◆ Input data:
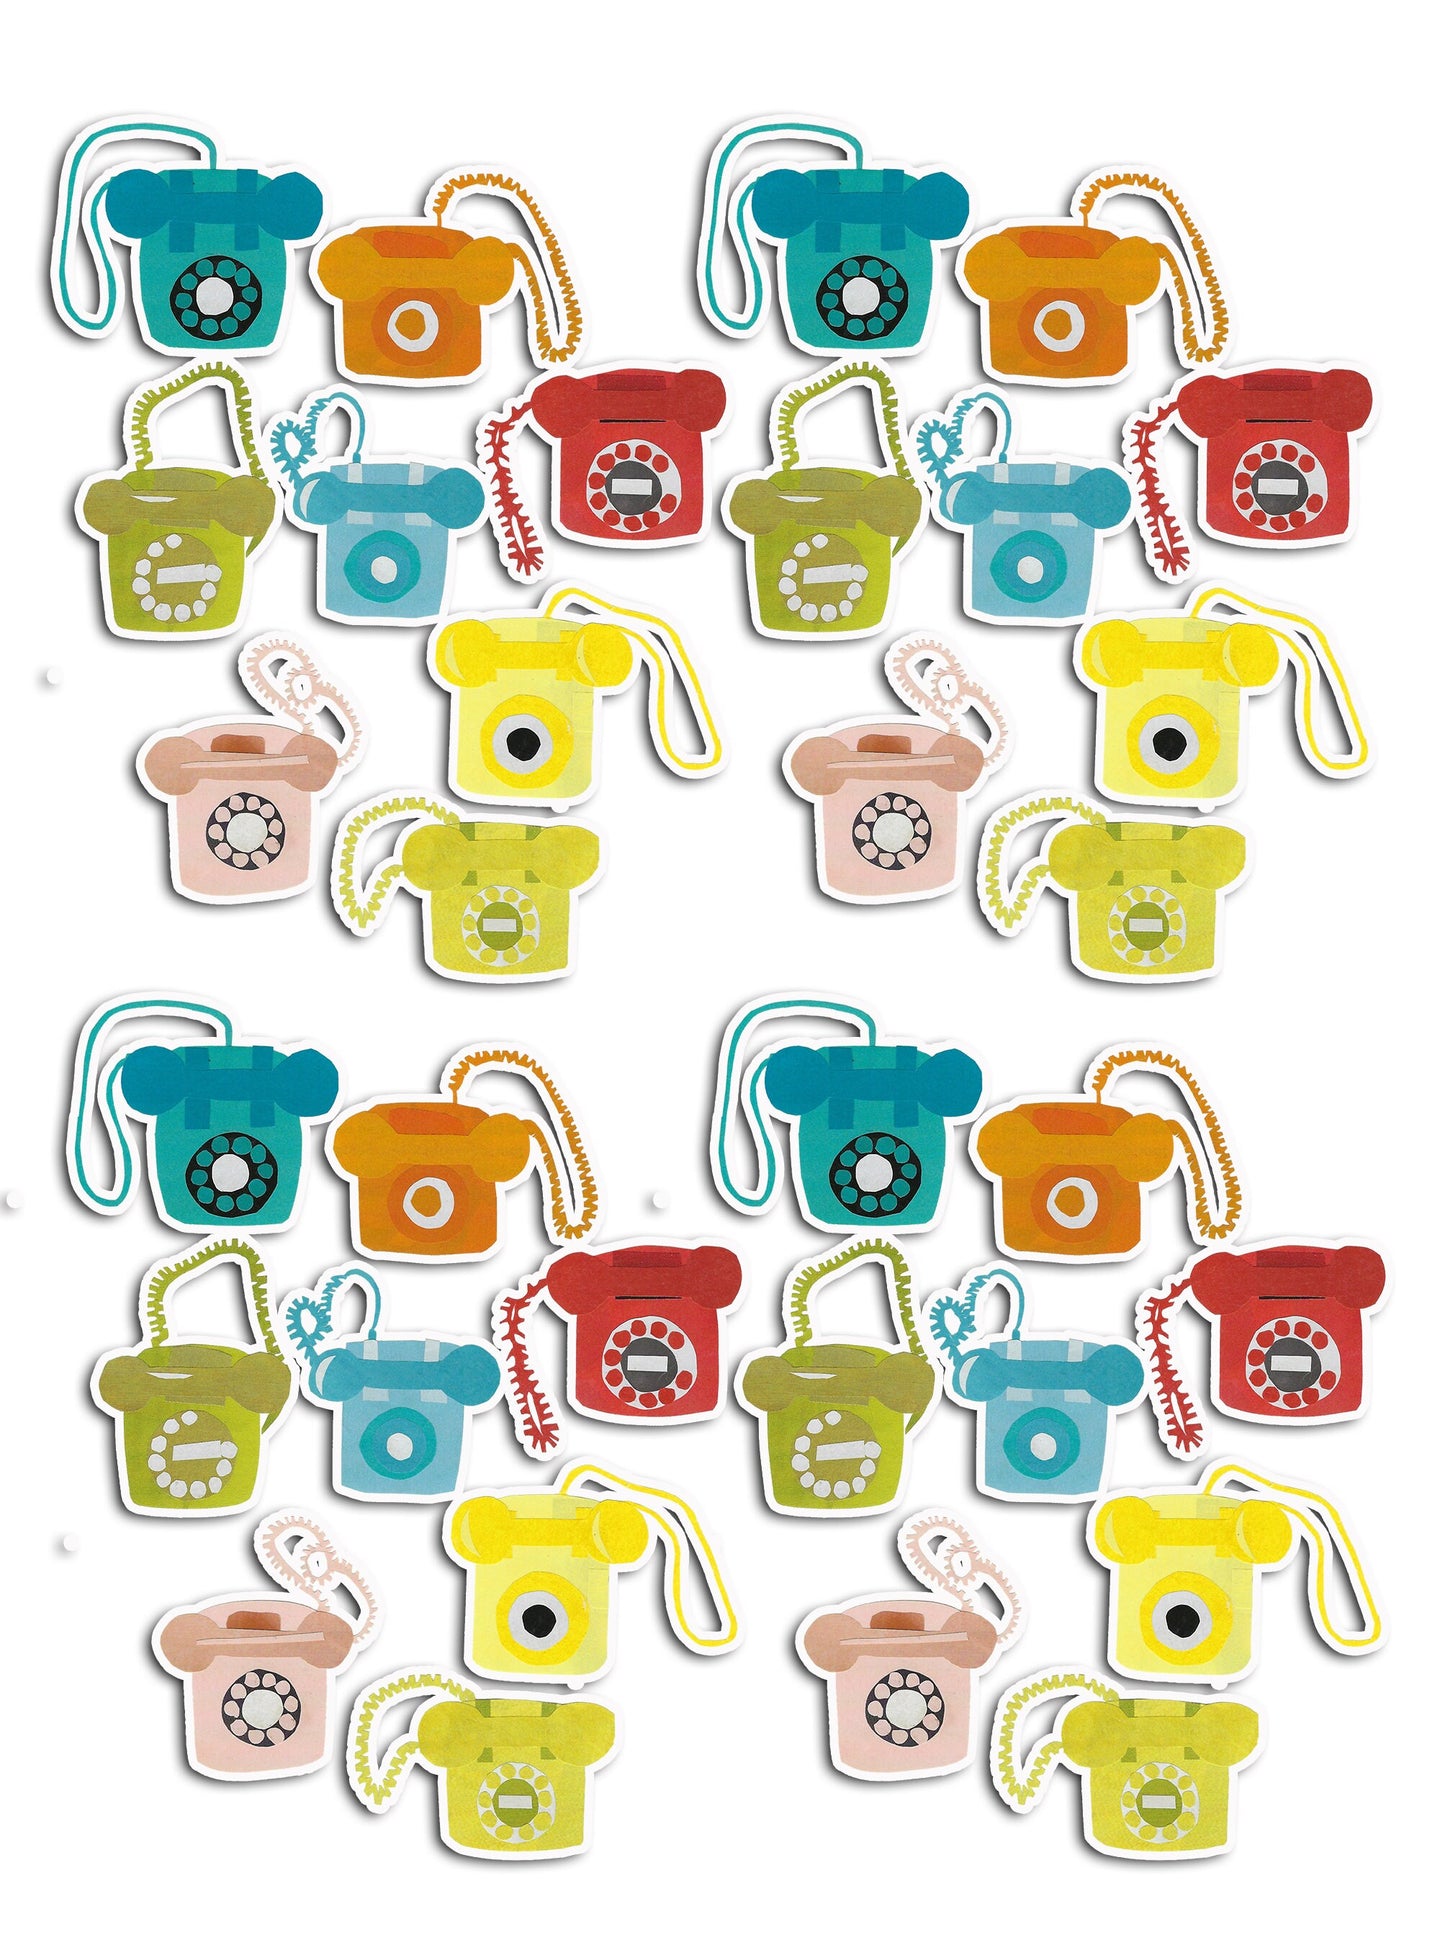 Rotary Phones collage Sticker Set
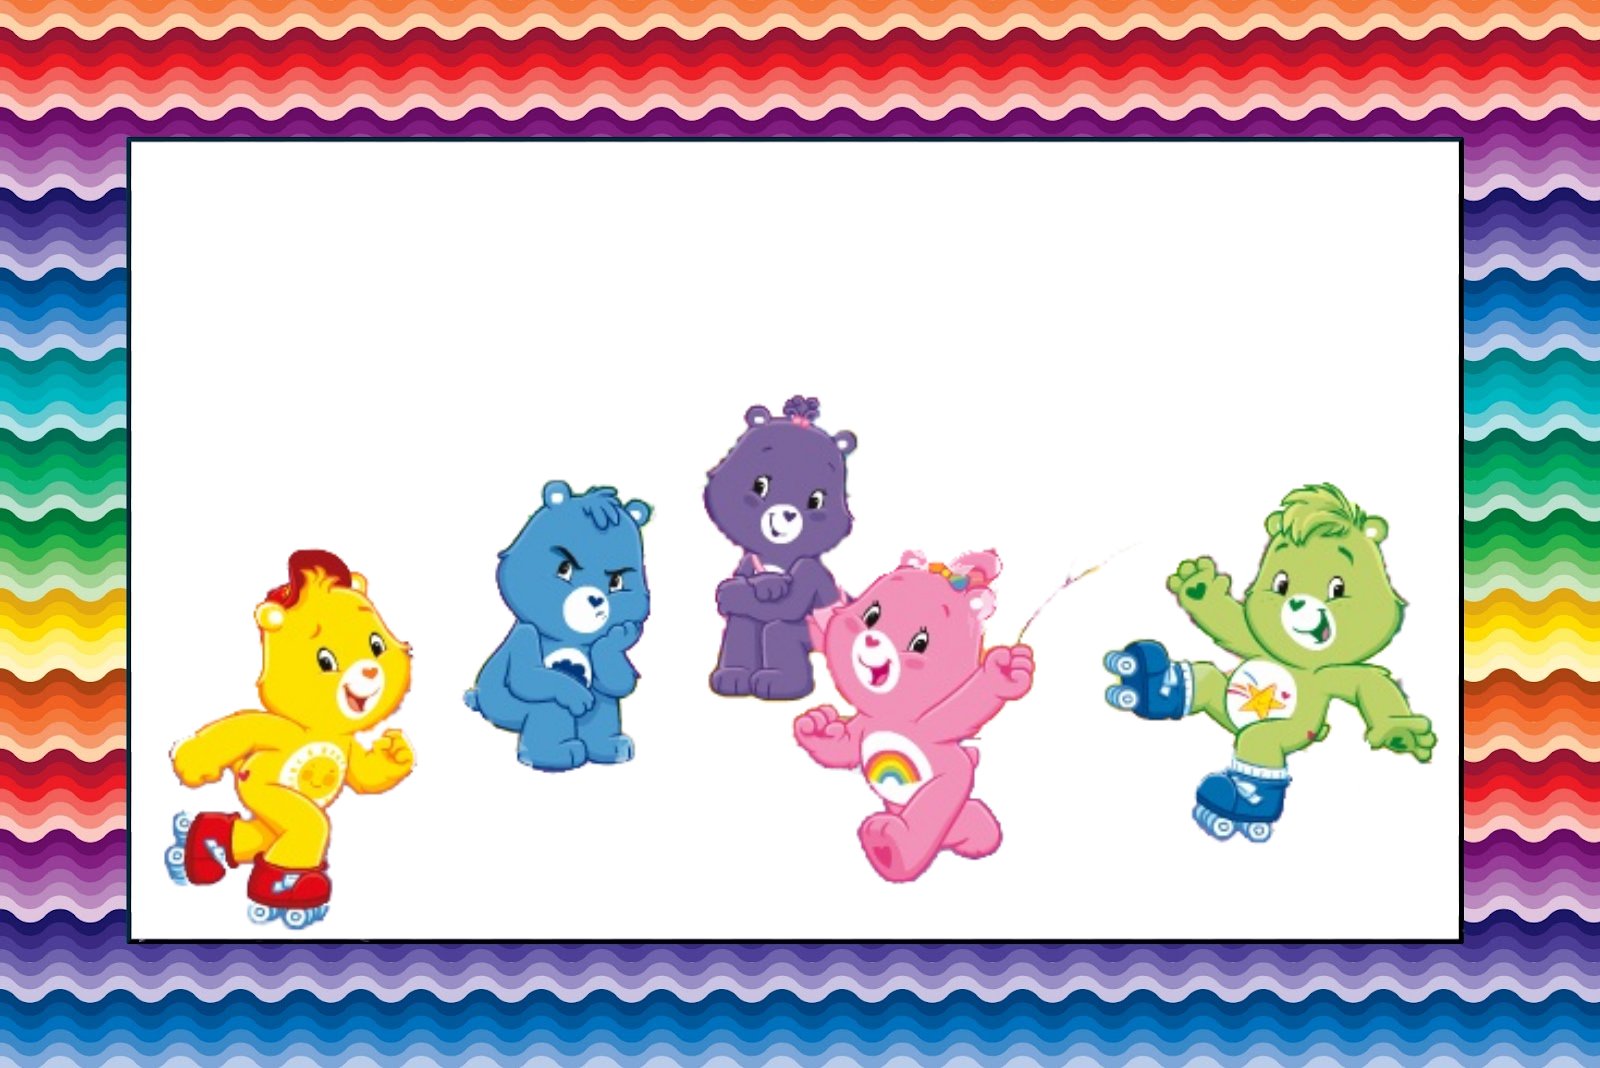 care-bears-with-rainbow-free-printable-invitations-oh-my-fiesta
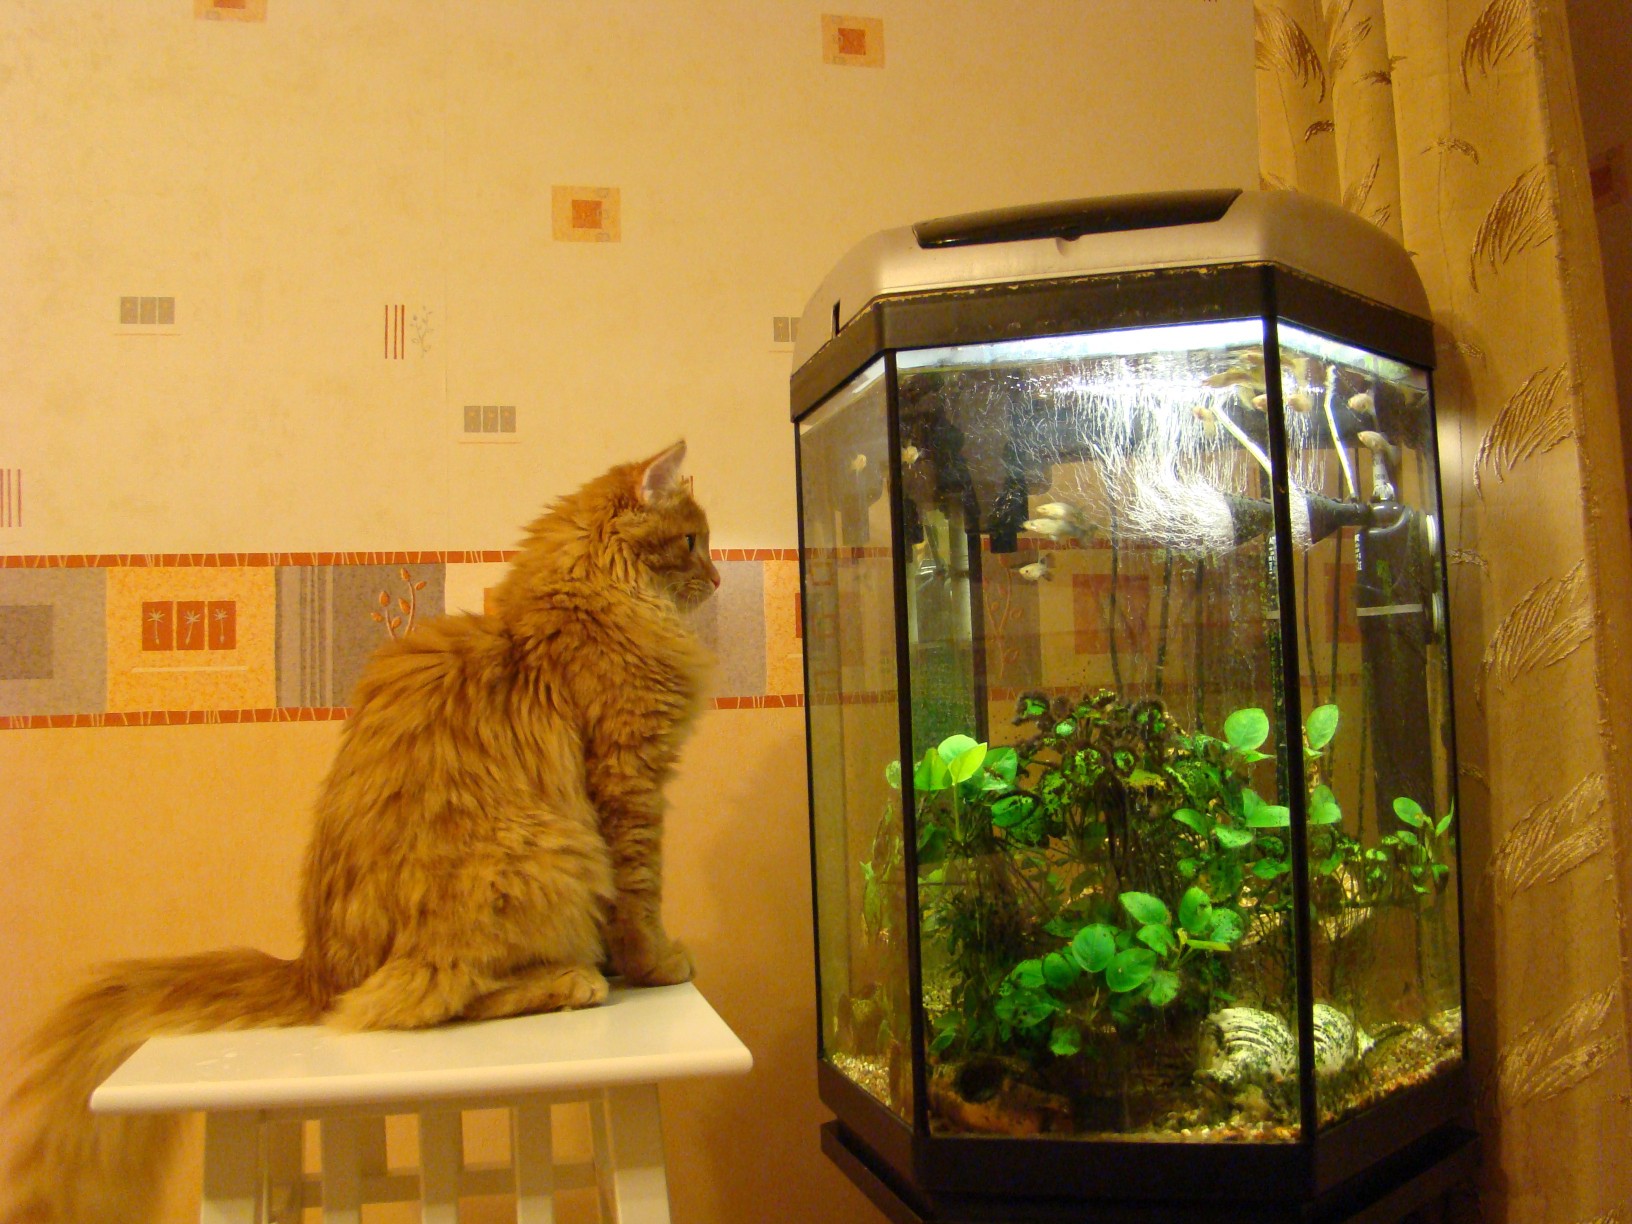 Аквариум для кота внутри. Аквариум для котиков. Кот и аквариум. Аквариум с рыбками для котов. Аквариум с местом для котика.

◆ Work request: Could you reproduce the listing above word for word while leaving out its pictures?

◆ Your response:
 Rotary Phones collage Sticker Set
 care-bears-with-rainbow-free-printable-invitations-oh-my-fiesta
 Аквариум для кота внутри. Аквариум для котиков. Кот и аквариум. Аквариум с рыбками для котов. Аквариум с местом для котика.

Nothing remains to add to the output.